Die Klägerin hat die Auffassung vertreten, die Werbung der Beklagten mit der Angabe „geprüft nach EN-Standard“ stelle einen Wettbewerbsverstoß dar, weil die Beklagte nicht näher darüber informiere, auf welche Weise die Ergebnisse der – angeblichen – Prüfung zu erhalten seien. Die Ergebnisse von Prüfungen durch Dritte – und damit erwartungsgemäß durch neutrale Stellen – seien für den Verbraucher bei seiner Entscheidungsfindung von besonderer Bedeutung. Für eine Werbung mit einer „Prüfung nach EN-Standard“ gelte nichts anderes als für eine Werbung mit einem Warentest-Ergebnis. Um eine informierte Entscheidung treffen zu können, benötige der Verbraucher Angaben zum Gegenstand der Prüfung, zur Prüfungstiefe und –breite sowie zum Prüfungsergebnis. Hinter der Anlegung der neuen Artikeldetailseite für den Lastenanhänger der D GmbH stecke ein perfides System der Verbrauchertäuschung, das zu schwerwiegenden Verletzungen von Verbraucher- und Mitbewerberinteressen führe. Der Verbraucher, der auf der von der Beklagten angelegten neuen Artikeldetailseite „lande“, werde in den Irrglauben versetzt, die Beklagte sei der einzige Anbieter für das Produkt auf der Internetplattform „Z“ und ein Kauf des Produktes auf dieser Internetplattform sei nur zu dem von der Beklagten verlangten – überhöhten – Preis möglich. Die angesprochenen Verbraucher seien nämlich mit der Praxis der Internetplattform „Z“ vertraut, dass sämtliche Anbieter für ein bestimmtes Produkt an eine Artikeldetailseite „angehängt“ seien. Ihr, der Klägerin, stehe darüber hinaus gegen die Beklagte aufgrund eines – in den Gründen dieses Urteiles nicht wiedergegebenen oder beschriebenen – Angebotes im Internet vom 28.09.2015 ein Anspruch auf Zahlung einer Vertragsstrafe in Höhe von 3.500,00 € wegen eines Verstoßes gegen eine von der Beklagten im Oktober 2014 abgegebene strafbewehrte Unterlassungserklärung im Zusammenhang mit der Werbung mit Garantien zu.
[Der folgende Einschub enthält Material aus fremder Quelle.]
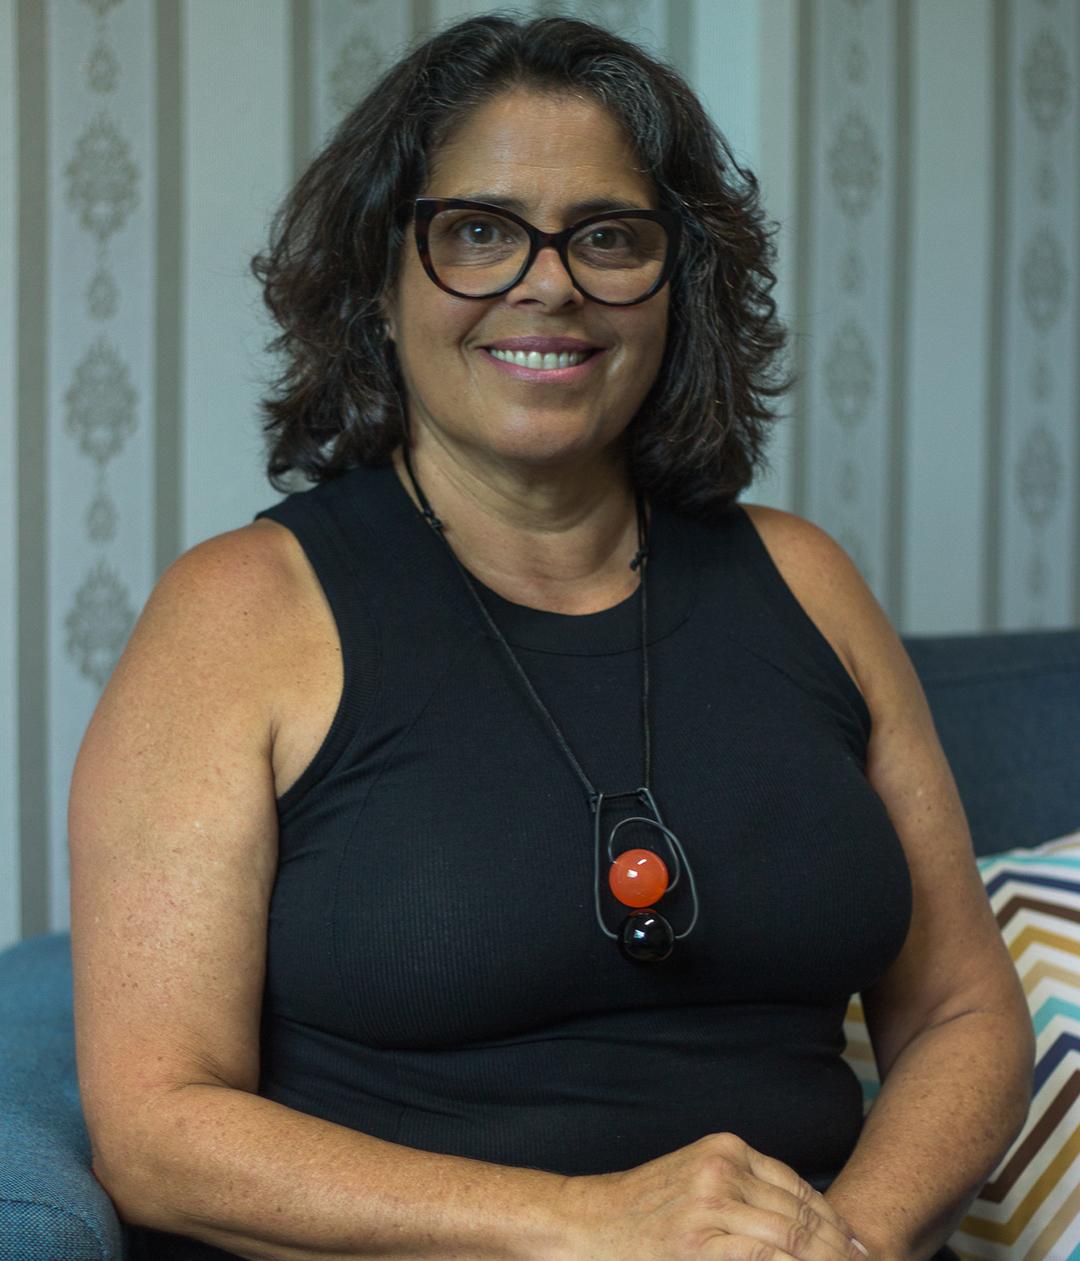 Ana Maria Velloso Coutinho Lobo, Psicóloga, CRP: 06/157490

Die Klägerin hat (zuletzt) beantragt,
1. die Beklagte unter Androhung von Ordnungsmitteln zu verurteilen, es zu unterlassen, im geschäftlichen Verkehr zu Wettbewerbszwecken im Bereich des Handels mit Fahrrädern und Zubehörwaren alternativ oder kumulativ
a) Waren mit Hinweisen auf Prüfungen, denen die Waren unterzogen worden sein sollen, anzubieten, ohne zugleich anzugeben, wie die der erwähnten Prüfung zugrundeliegenden Informationen zu erhalten sind, wie am 04.10.2015 auf der Handelsplattform „Z“ im Angebot mit der Nr. ###1 „B … Scheibenbremsbeläge …“ und aus der Anlage HKMW 2 ersichtlich geschehen;
b) auf der Handelsplattform „Z“ für den Vertrieb von Waren, für die bereits Artikeldetailseiten vorhanden sind, weitere Artikeldetailseiten anzulegen und/oder auf solchen weiteren Artikeldetailseiten Waren anzubieten, wie am 04.10.2015 im Angebot mit der Nr. ###2 „00 Lastenanhänger …“ und aus Anlage HKMW 3 ersichtlich geschehen;
c) auf der Handelsplattform „Z“ in Artikeldetailseiten zu Artikeln ein Kennzeichen zu nennen, das kein Unternehmens- oder Markenzeichen des Herstellers ist, und/oder auf solchen Artikeldetailseiten Waren anzubieten, wie am 04.10.2015 im Angebot mit der Nr. ###2 „00 Lastenanhänger …“ und aus Anlage HKMW 3 ersichtlich geschehen;
d) auf der Handelsplattform „Z“ in Artikeldetailseiten zu Artikeln ein falsches Datum anzugeben, seit dem der Artikel bei „Z“ im Angebot ist, und/oder auf solchen Artikeldetailseiten Waren anzubieten, wie am 04.10.2015 im Angebot mit der Nr. ###2 „00 Lastenanhänger …“ und aus Anlage HKMW 3 ersichtlich geschehen;
2. die Beklagte zu verurteilen, ihr, der Klägerin, Auskunft zu erteilen über den Umfang von Handlungen der unter 1.b),c) und d) erwähnten Art durch Vorlage einer vollständigen Liste sämtlicher von ihr erstellter „doppelter“ Artikeldetailseiten unter Angabe der „NR. neu“ sowie der „EAN neu“ unter jeweiliger Gegenüberstellung der „NR. alt“ sowie der vom Hersteller vergebenen „EAN“ inklusive der Angabe der getätigten Verkäufe einschließlich der jeweils erzielten Kaufpreise;
3. festzustellen, dass die Beklagte verpflichtet ist, ihr, der Klägerin, sämtlichen Schaden zu ersetzen, der ihr, der Klägerin, wegen Handlungen der in 1.b), c) und d) erwähnten Art entstanden ist oder noch entstehen wird;
4. die Beklagte zu verurteilen, an sie, die Klägerin, 3.500,00 € nebst Zinsen in Höhe von fünf Prozentpunkten über dem Basiszinssatz seit dem 15.11.2015 zu zahlen.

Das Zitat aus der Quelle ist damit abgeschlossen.